De mogelijkheid tot afstandsonderwijs (als onderdeel van gecombineerd onderwijs) is in het volwassenenonderwijs al sinds 2007 decretaal bepaald (zonder maximumpercentages!). Dat het ‘interactief afstandsonderwijs’ sinds het voorjaar van dit jaar via het Decreet over het hybride onderwijs in het secundair onderwijs ook ruim verankerd zit in het leerplichtonderwijs (mét opgave van maximumpercentages), nog vooraleer er een grondige evaluatie gemaakt is van het reeds bestaande afstandsonderwijs en wetenschappelijk onderzocht is wat de randvoorwaarden voor volwaardig en zinvol digitaal onderwijs zijn, baart ons zorgen en dient met de grootste zorg te worden opgevolgd. Er moeten in ieder geval op schoolniveau duidelijke afspraken over gemaakt worden die passen binnen de pedagogische visie van de school ter zake.

>>> Het moge duidelijk zijn: wil men de digitalisering van het onderwijs op een doordachte, duurzame en democratische manier uitrollen en verderzetten, dan zal men steeds en in alle onderwijssectoren en -niveaus een gezond (lees: wetenschappelijk verantwoord) evenwicht moeten zoeken tussen fysiek contactonderwijs* en digitaal afstandsonderwijs, waarbij voor COC de klemtoon overduidelijk op het eerste moet liggen.

Actiepunten

  • COC vindt dat fysiek klassikaal onderwijs de kern van onderwijs moet blijven en als dusdanig niet zomaar vervangen mag worden door digitaal afstandsonderwijs en/of de veralgemening van gepersonaliseerde leertrajecten.

  • COC eist dat het aandeel van digitaal afstandsonderwijs in ons onderwijs beperkt blijft en dat fysieke contactmomenten tussen onderwijspersoneelsleden onderling en tussen onderwijspersoneelsleden en lerenden, ouders en derden de norm blijven.

  • COC ijvert lokaal voor duidelijke afspraken over digitaal afstandsonderwijs (onder meer over het aandeel en de toepassing daarvan) binnen de pedagogische visie van de school(groep/-gemeenschap) omtrent digitaal onderwijs.
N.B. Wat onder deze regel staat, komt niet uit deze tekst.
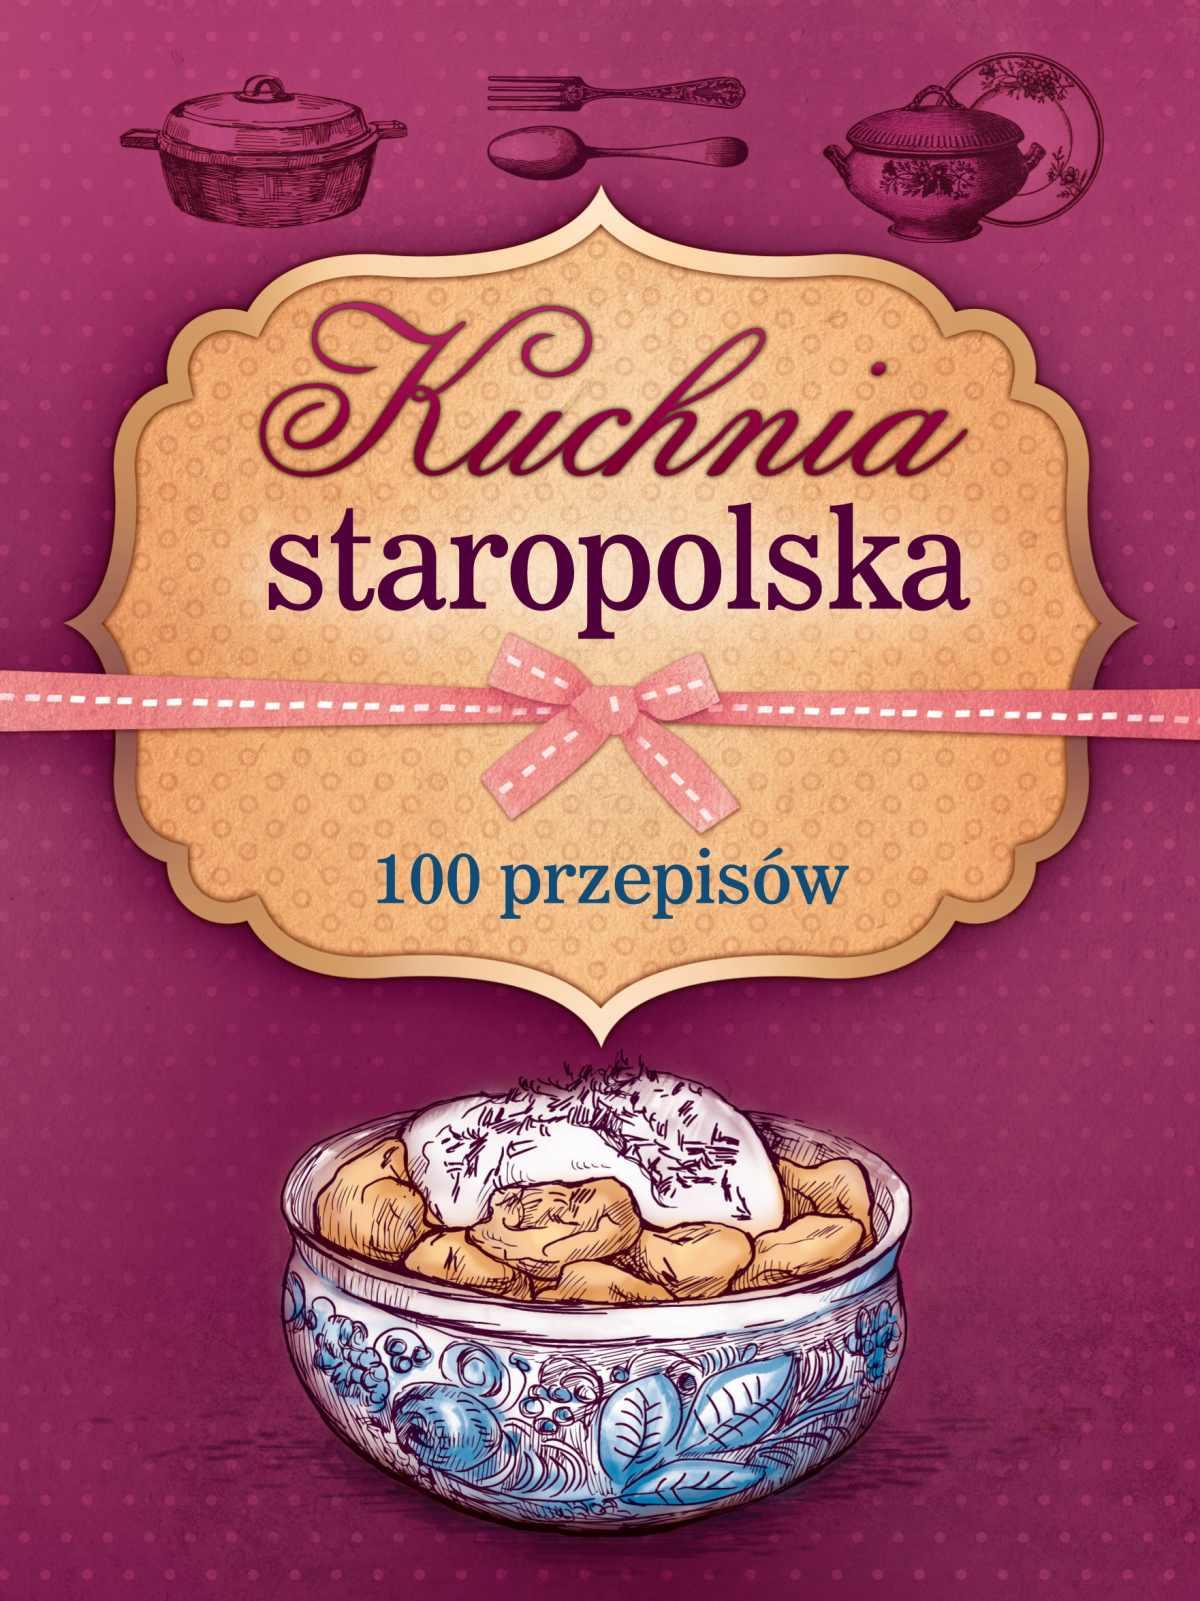 Kuchnia staropolska. 100 przepisów - Ebook (Książka PDF) do pobrania w formacie PDF

Voor het secundair onderwijs dient dat te gebeuren binnen het kader van het Decreet over het hybride onderwijs in het secundair onderwijs, dat in werking trad op 17.04.2023 (en spreekt over ‘interactief afstandsonderwijs’). COC ziet er ook op toe dat die afspraken in het Arbeidsreglement worden opgenomen én gerespecteerd.

  • COC vraagt dat de evaluatie van het digitale afstandsonderwijs (‘interactief afstandsonderwijs’) in het secundair onderwijs in het schooljaar 2027-2028 (zoals voorzien in art. 10 van voornoemd decreet) grondig en correct gebeurt door een onafhankelijke wetenschappelijke instantie.

  • COC zal er in het bijzonder over waken dat de percentages voor digitaal afstandsonderwijs (‘interactief afstandsonderwijs’) in het secundair onderwijs, zoals afgesproken in art. 6 van het voornoemde decreet over hybride onderwijs in de toekomst niet (ondoordacht) opgetrokken worden en integendeel, indien dat nodig blijkt na evaluatie, zelfs weer naar beneden gehaald worden.